Segundo bloco do debate da Band tem embate acirrado entre Neto e Jerônimo sobre saúde, obras, segurança pública e Lula
Por Paulo Dourado
O segundo bloco do debate da Band ao Governo da Bahia, neste domingo (9), foi o mais tenso da noite, com perguntas dos jornalistas e confrontos diretos que elevaram o tom entre ACM Neto (União Brasil), Jerônimo Rodrigues (PT) e Ronaldo Mansur (PSOL). Segurança pública, saúde, meio ambiente e a relação dos candidatos com o presidente Luiz Inácio Lula da Silva (PT) dominaram as trocas.
Na etapa das perguntas dos jornalistas, Jerônimo e ACM Neto foram questionados sobre segurança pública. A Mansur, coube responder sobre a estrutura da Secretaria de Segurança e o histórico crítico do PSOL em relação à atuação policial; o candidato defendeu a valorização dos profissionais das forças de segurança. Jerônimo, ao responder, citou Neto e criticou o uso de inteligência artificial na elaboração do plano de governo do adversário. Neto, por sua vez, negou que tenha usado IA para escrever o programa.
Outro ponto quente foi o Planserv, o plano de saúde dos servidores estaduais. Questionado sobre uma possível privatização, ACM Neto disse que não pretende privatizar o serviço, mas afirmou que, se for preciso, pagaria consultas na rede privada para evitar que pessoas morram à espera de atendimento. Mansur rebateu, afirmando que Neto acabaria privatizando o Planserv, e fez críticas às gestões do grupo político do adversário, incluindo uma referência ao período do ex-senador Antônio Carlos Magalhães, avô de Neto.
No meio ambiente, Mansur perguntou a Jerônimo se ele assinaria um decreto de proteção à Serra da Chapadinha, que, segundo o candidato do PSOL, estaria sob risco. O governador respondeu que a proposta está na Procuradoria-Geral do Estado e garantiu que a unidade de conservação da área será criada. Mansur ainda aproveitou para criticar o prefeito de Salvador, Bruno Reis (União Brasil), na área ambiental.

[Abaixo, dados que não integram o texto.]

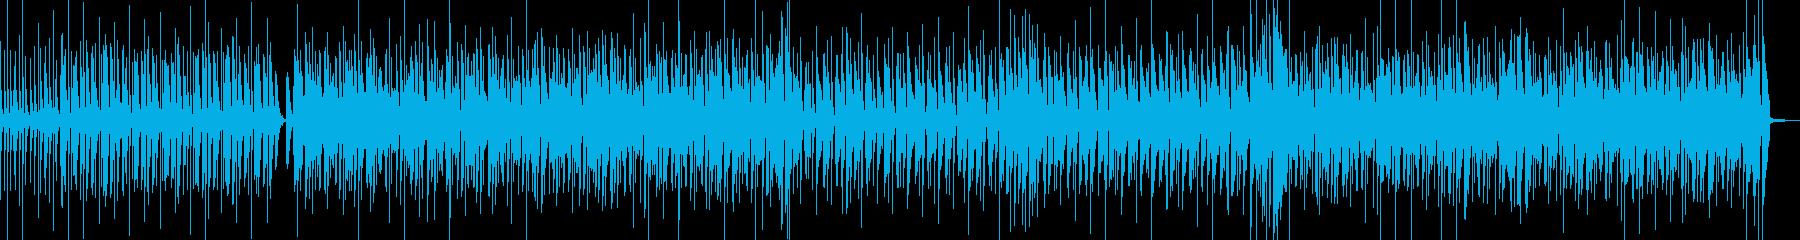 ストリングスとヒップホップビートを合わ…の再生済みの波形

A relação com Lula foi outro foco de embate. Mansur questionou ACM Neto sobre a associação de seu nome ao do presidente na campanha, e o ex-prefeito respondeu que quer o melhor para a Bahia. O candidato do PSOL fez então uma acusação dura, atribuindo ao grupo político de Neto responsabilidade por mortes durante a pandemia de covid-19. Neto classificou a colocação como um absurdo, relembrou casos de baianos mortos em filas de espera por atendimento e afirmou que a paciência da população com Jerônimo teria acabado.
O confronto mais acirrado veio na última rodada, entre Neto e Jerônimo. Neto cobrou o governador sobre um buraco na BR-324, afirmando que Jerônimo teria dito que a cratera estava tapada, e perguntou se aquilo teria sido mentira ou desinformação. Jerônimo respondeu criticando a forma como Neto trata os adversários, repetiu que o rival é "anti-Lula" e afirmou já ter sido alvo de tratamento desrespeitoso por ser indígena e negro. Neto retomou o tema da BR-324, disse que teria sido colocada apenas uma lona sobre o buraco e acusou o governador de se colocar como vítima, citando ainda a ponte Salvador-Itaparica, que, segundo ele, não teve obras iniciadas. Na tréplica, Jerônimo destacou a parceria com Lula e disse que Neto não fazia as mesmas críticas nos governos Temer e Bolsonaro, classificando o adversário de negacionista ao lembrar de obras como o metrô e o VLT.